The original review included 14 method articles and 32 topic articles; in the update (2010–2019) we found 17 new method articles and twice as many topic papers. This suggests that although quality indicator development is a topic of high interest, there is minimal methodological advancement and the connection with guideline development methods is very limited. The reason for the limited connection is not yet clear, and need to be investigated. However, the fact that guideline developers and quality improvement researchers work in silos is well recognized (ref Two Worlds paper). From this systematic review we have learned some lessons that will influence future practice and quality indicator development.

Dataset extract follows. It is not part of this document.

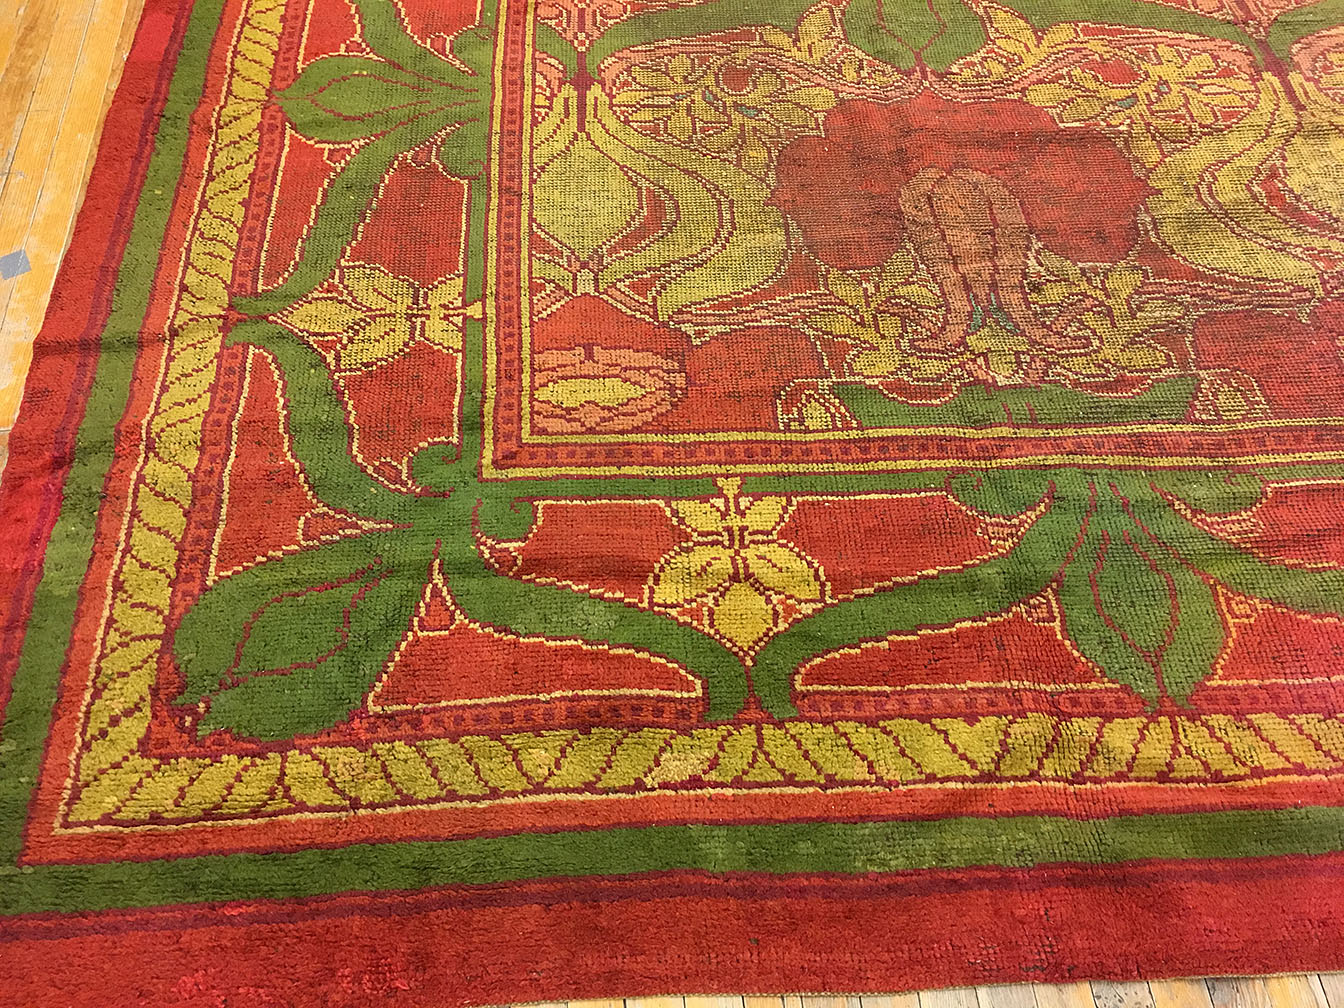 Antique donegal Carpet - # 53775

The key findings that will help with selecting elements of the approaches include the different ways evidence is used in the recommendation selection process for generating quality indicator. Some authors report using certainty in the evidence (or level of evidence) [5, 15, 22, 32,33,34], others find using evidence challenging and confuse expert opinion with an interpretation of the evidence [12, 13, 40], and only a few approaches use strength of recommendation [6, 11, 14]. This supports the distinction between certainty of evidence and strength of the recommendation, and guidance how to apply these concepts in quality indicator development.

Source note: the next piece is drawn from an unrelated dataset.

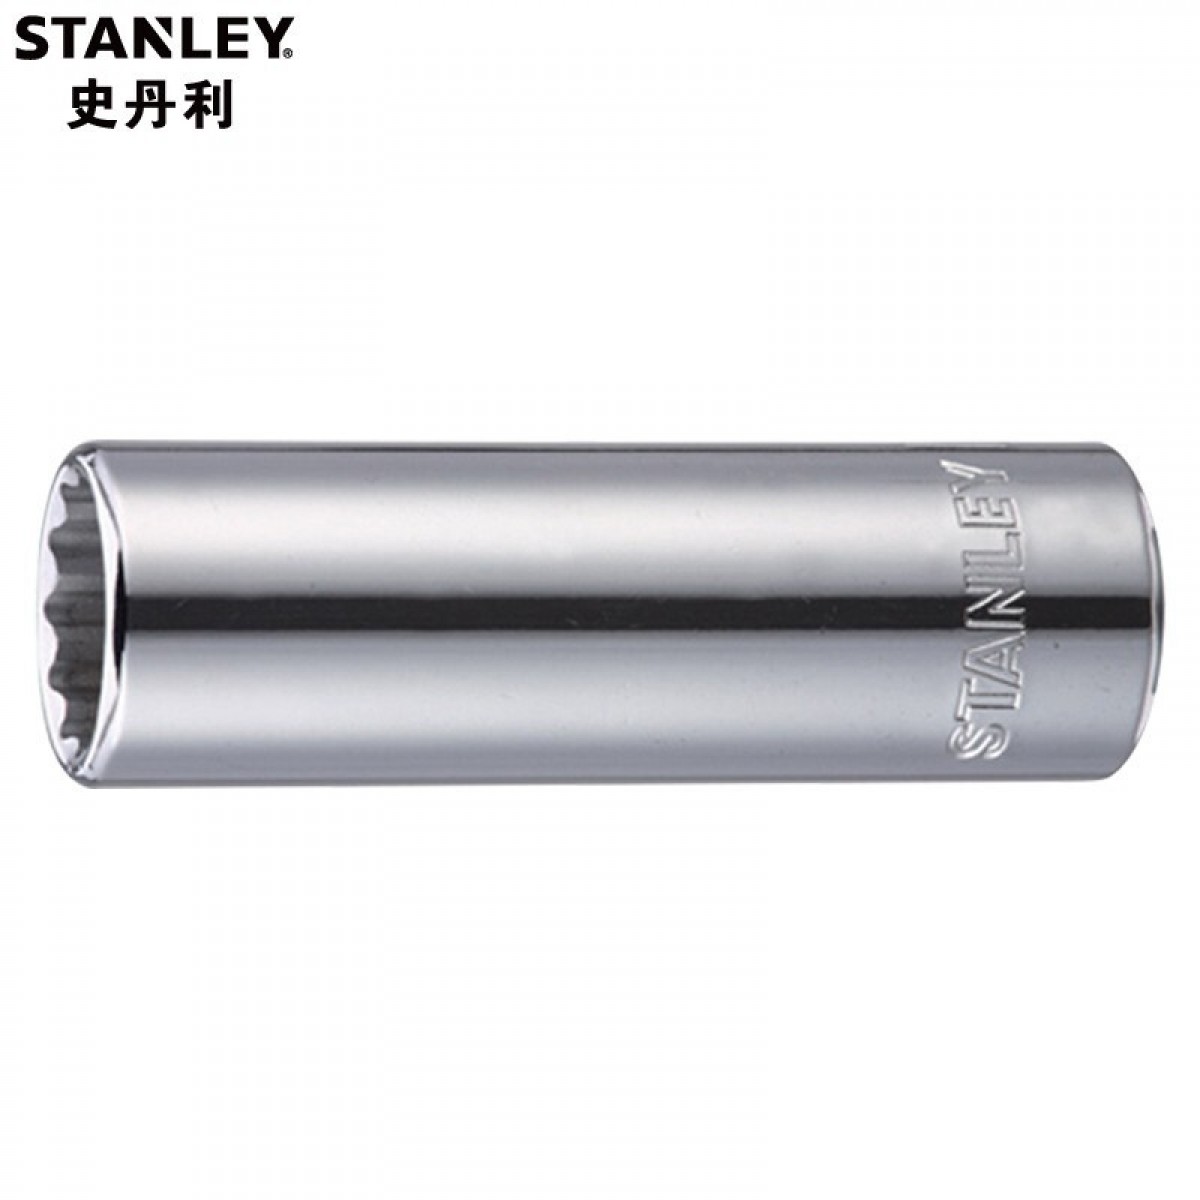 史丹利 96-375-1-22 12.5MM系列公制12角长套筒24mm

Strengths and limitations of this review

Strengths of this review include the systematic approach, the conceptual categorization of the findings according to established tools (GIN-McMaster Checklist and GIN Reporting standards for guideline-based performance measures) [3, 4], and the large amount of new information that we revealed. Potential limitations to the methods of this review are the restriction to three languages and the fact that methods papers are sometimes hard to track. We mitigated these limitations by searching for methods papers on the websites of relevant organisations, consulting experts and checking topic papers for references on the method that was used.

Implications for practice

For developers in both the guidelines and the QA and quality indicator fields, our review has identified a few existing approaches that may be used to support guideline-based quality indicator development and avoid duplication of effort. In addition, our review highlights that better integration should be sought. For example, quality indicator should be thought of during the formulation of guideline questions to achieve better integration. Finally, our review highlights that those working in quality improvement should distinguish between expert opinion and evidence in the development of quality indicator [40].

Implications for research

Our review has important implications for research that include the development of a well-defined conceptual framework and testing of that framework.

Conclusions

Our systematic review of the literature resulted in 30 articles describing approaches for guideline-based QA and quality indicator development. In most approaches, guidelines were used as a source of evidence to inform the QI development. The criteria to select recommendations from the guidelines (e.g. level of evidence or strength of the recommendation) and to generate, select and assess quality indicators varied widely and not all quality indicator development criteria may be addressed in guideline development. We found approaches where guideline and quality indicator development were linked explicitly, but none of the articles reported a well-defined conceptual framework that properly integrated quality indicator in the guideline process. Research and conceptual development needs to be done in this area and we describe some of these advancements in our accompanying articles (reference to both).